Among the previous studies that performed emotion classification with the CNN using the open DB, the overall emotion recognition accuracy of the study [
11] that performed emotion classification using a CNN with the FER2013 database was 61.7%, and the overall emotion recognition accuracy of the study [
30] that performed emotion classification with the CK+ DB was 80.3%. For the DB constructed in this study, the emotion recognition accuracy using visible images was 96.52%.
As shown in
Figure 13, the overall emotion recognition accuracy using the method proposed in this study improved from 96.52% to 99.09%, showing an improvement in emotion recognition performance with other performance metrics as well. Through this relative comparison, it was demonstrated that the low fear recognition performance using visible images can be improved by using thermal images as proposed in this study.
In order to conduct a fair comparison, there should be an existing DB that contains synchronized visible and thermal images acquired simultaneously. Unfortunately, we have not found such a DB yet. Thus, we tried to compare our system with others by using several public DBs containing only visible images. Such an indirect comparison shows that the proposed system gives a comparable recognition performance over other systems using visible images and that the DB we constructed has a good quality that provides temporally synchronized visible and thermal images.
5. Conclusions
This study used thermal images to improve low recognition performance for fear emotion with visible images. A DB was constructed by simultaneously acquiring visible and thermal images. Then only the face regions were extracted from the face images. The CNN was trained using visible images. The database constructed by extracting only the face regions from the thermal images were also used for learning with a ResNet-18 model. Subsequently, the learning results of the thermal image DB, which showed strength in the classification of fear, were synchronized with the learning results of the visible image DB.

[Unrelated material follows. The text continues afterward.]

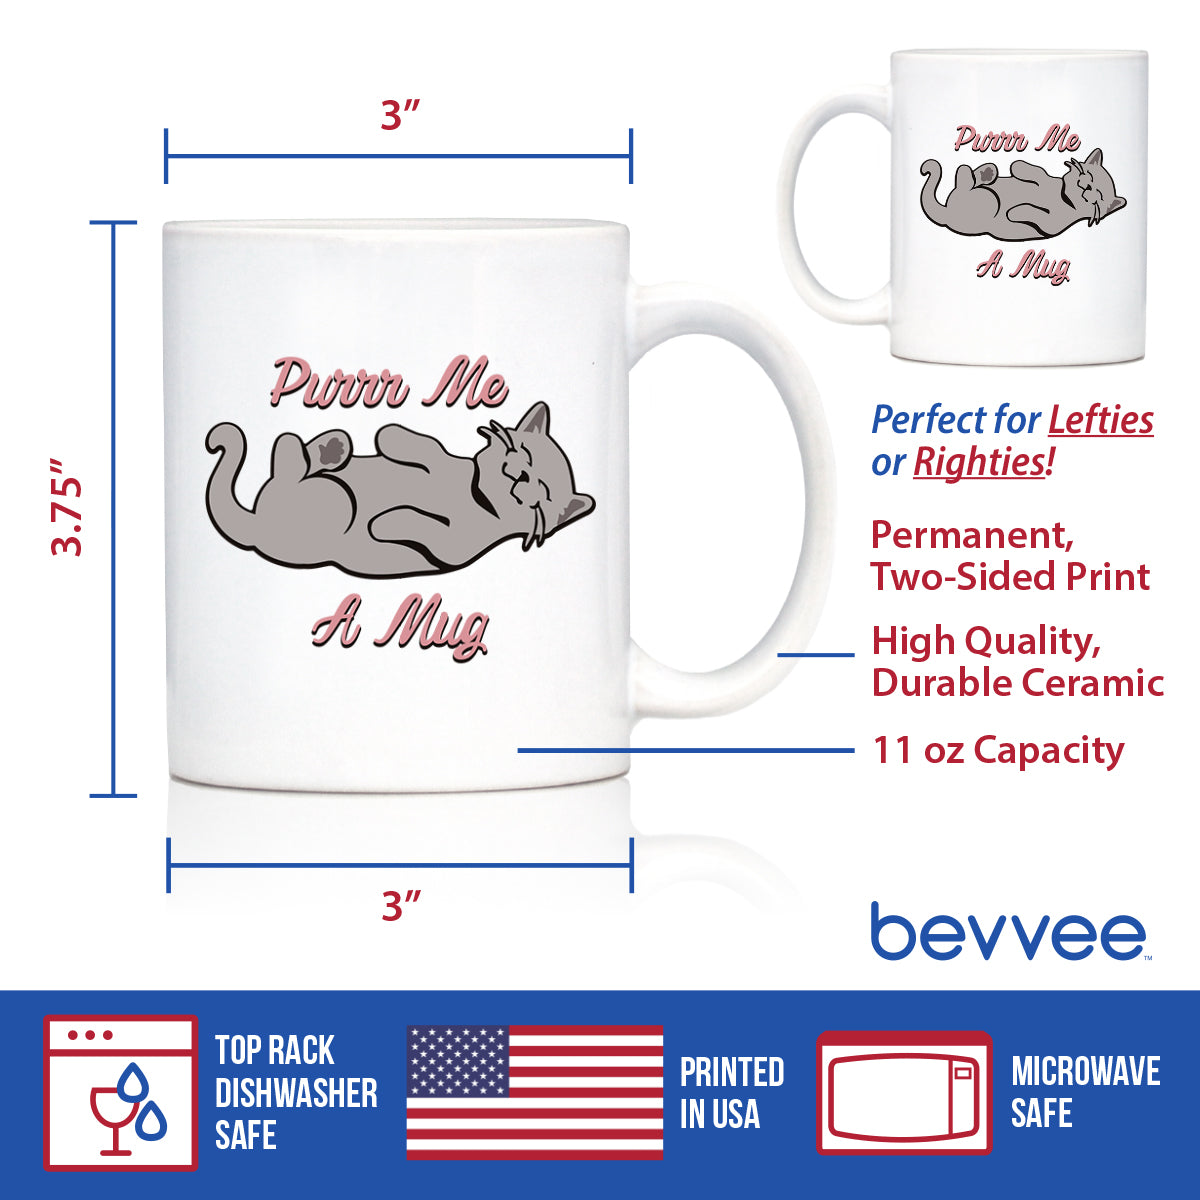 Purr Me A Mug – Cat Coffee Mug - Funny Gifts for Cat Moms

First, the emotion similarity was calculated based on the fear images falsely recognized as another emotion in the visible image. For images with a similarity value lower than the threshold, the emotion recognition performance was evaluated by replacing the similarity of the visible image with that of the thermal image. For the visible images, the fear recognition rate improved from 78.08% to 98.44% in recall, from 97.97% to 98.25% in precision, from 94.01% to 99.17% in accuracy, and from 86.9% to 98.34% in F1 score. Finally, it showed an average improvement of 4.54% in classification performance compared to emotion classification using only visible images.

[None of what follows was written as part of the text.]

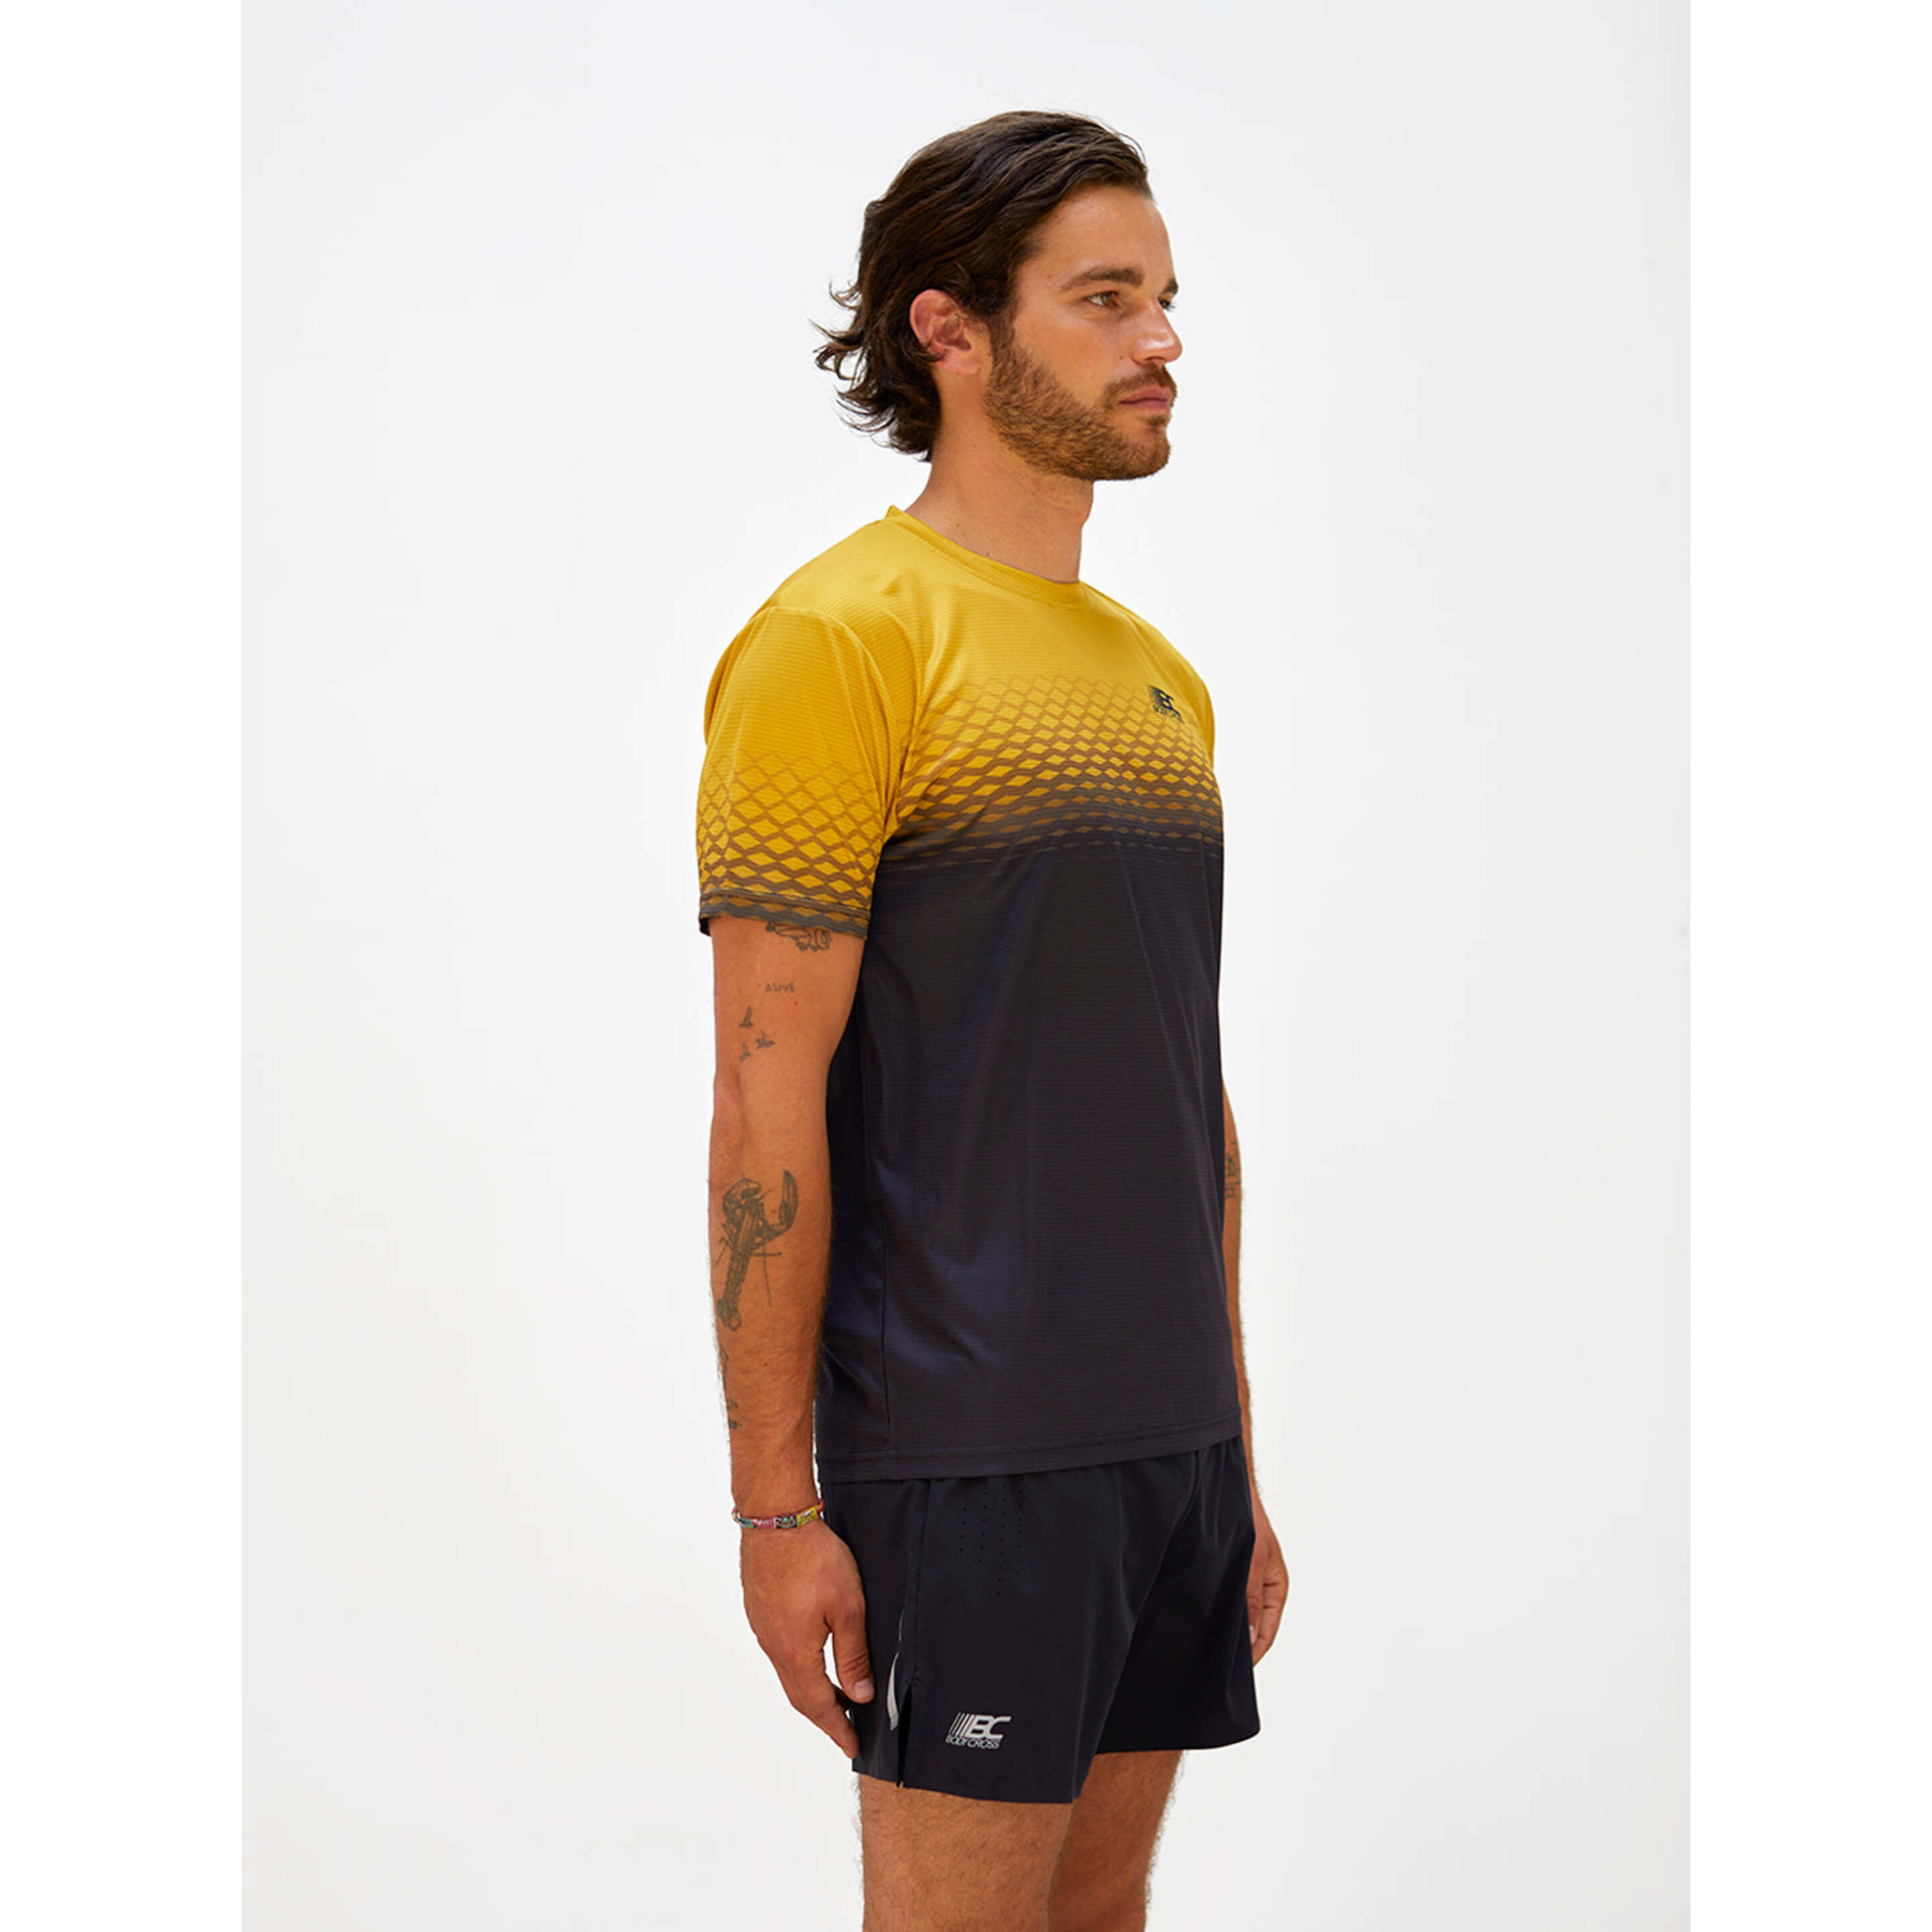 Camiseta Running Bodycross Djoe - Amarillo - Djoe-gold/black-s  MKP

We confirmed that thermal imaging could complement visible images in emotion recognition, unlike the existing emotion recognition technology that utilized the features of visible and thermal images individually. The most important contribution of this study is that we found significant characteristics of thermal imaging that remarkably differentiated the fear emotion attributes and that it led to an efficient system integration yielding significant performance improvement in recognizing fear among negative emotions. As a result, we have found a potential application of thermal imaging in emotion recognition throughout this research. We are currently working on designing a more sophisticated system by elaborating the decision-making routines, whereby the other negative emotions will be dealt with by resolving false positive errors for a real-time process.

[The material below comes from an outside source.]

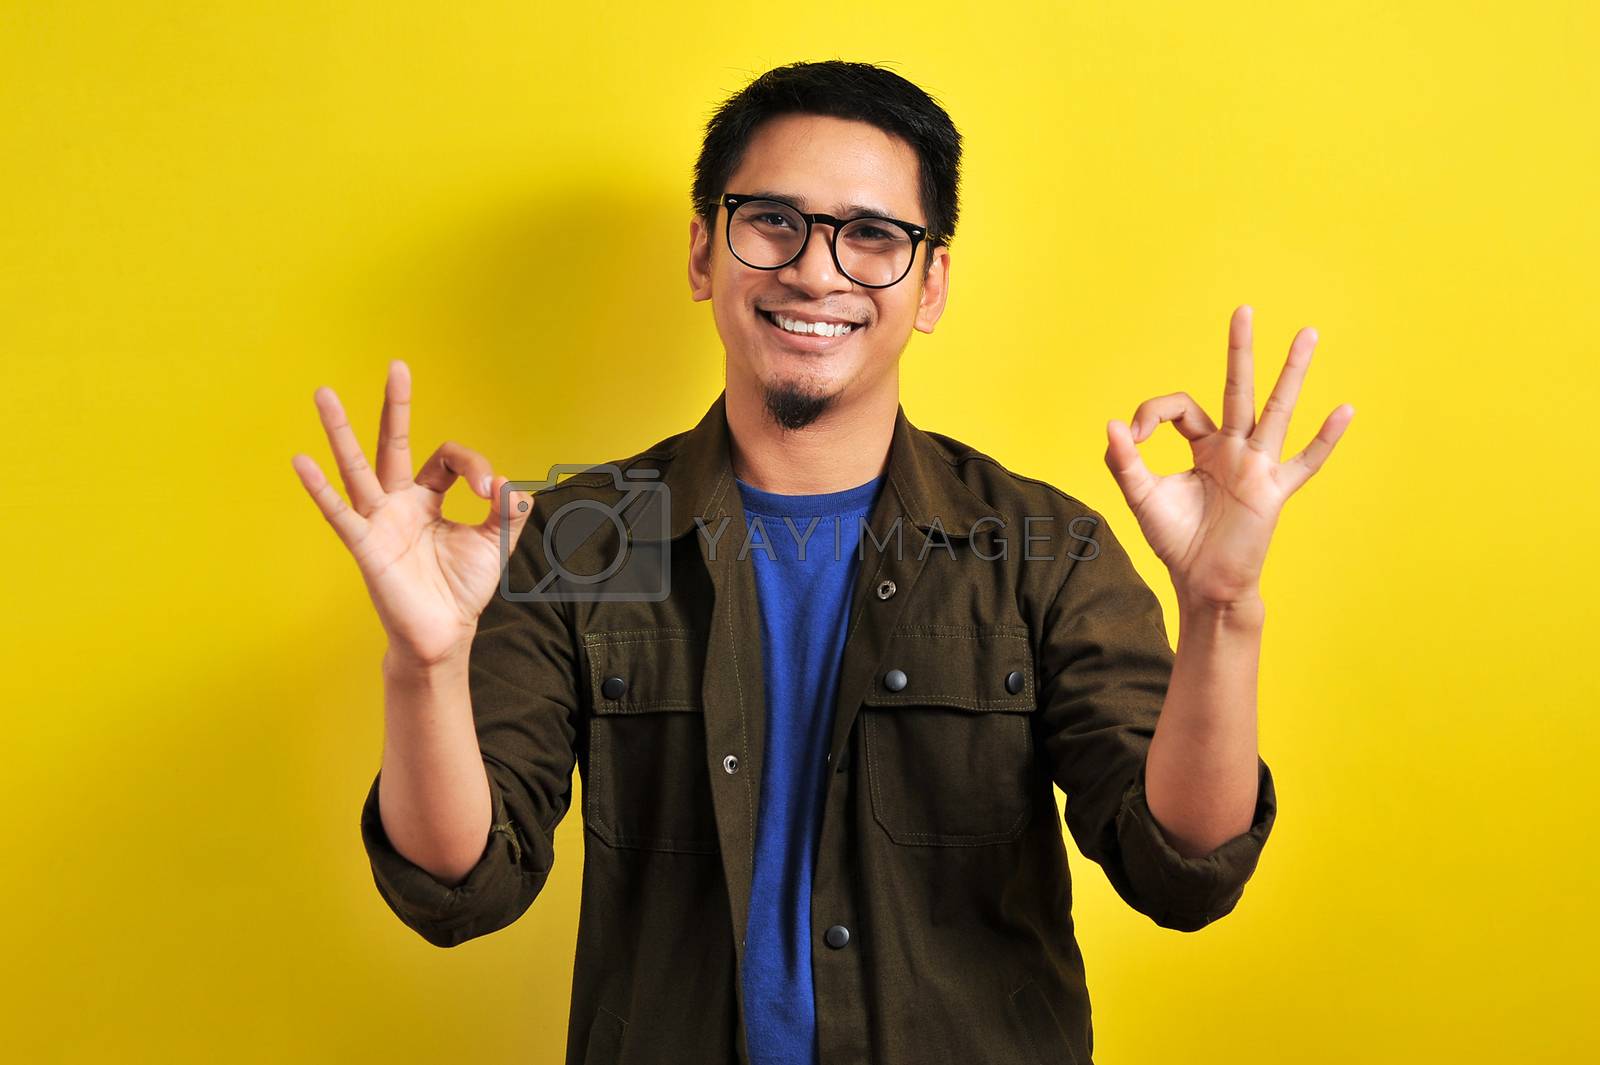 Royalty free image of Indonesian man smiling doing double okay wearing eyeglasses by heruan1507

Future research is planned to improve facial expression classification and emotion recognition performance based on thermal images by using only a part of the thermal face image data or extracting new features through preprocessing. In addition, it will be possible to improve the emotion recognition performance by applying an algorithm such as extracting various correlations from input data by composing an ensemble network with visible images.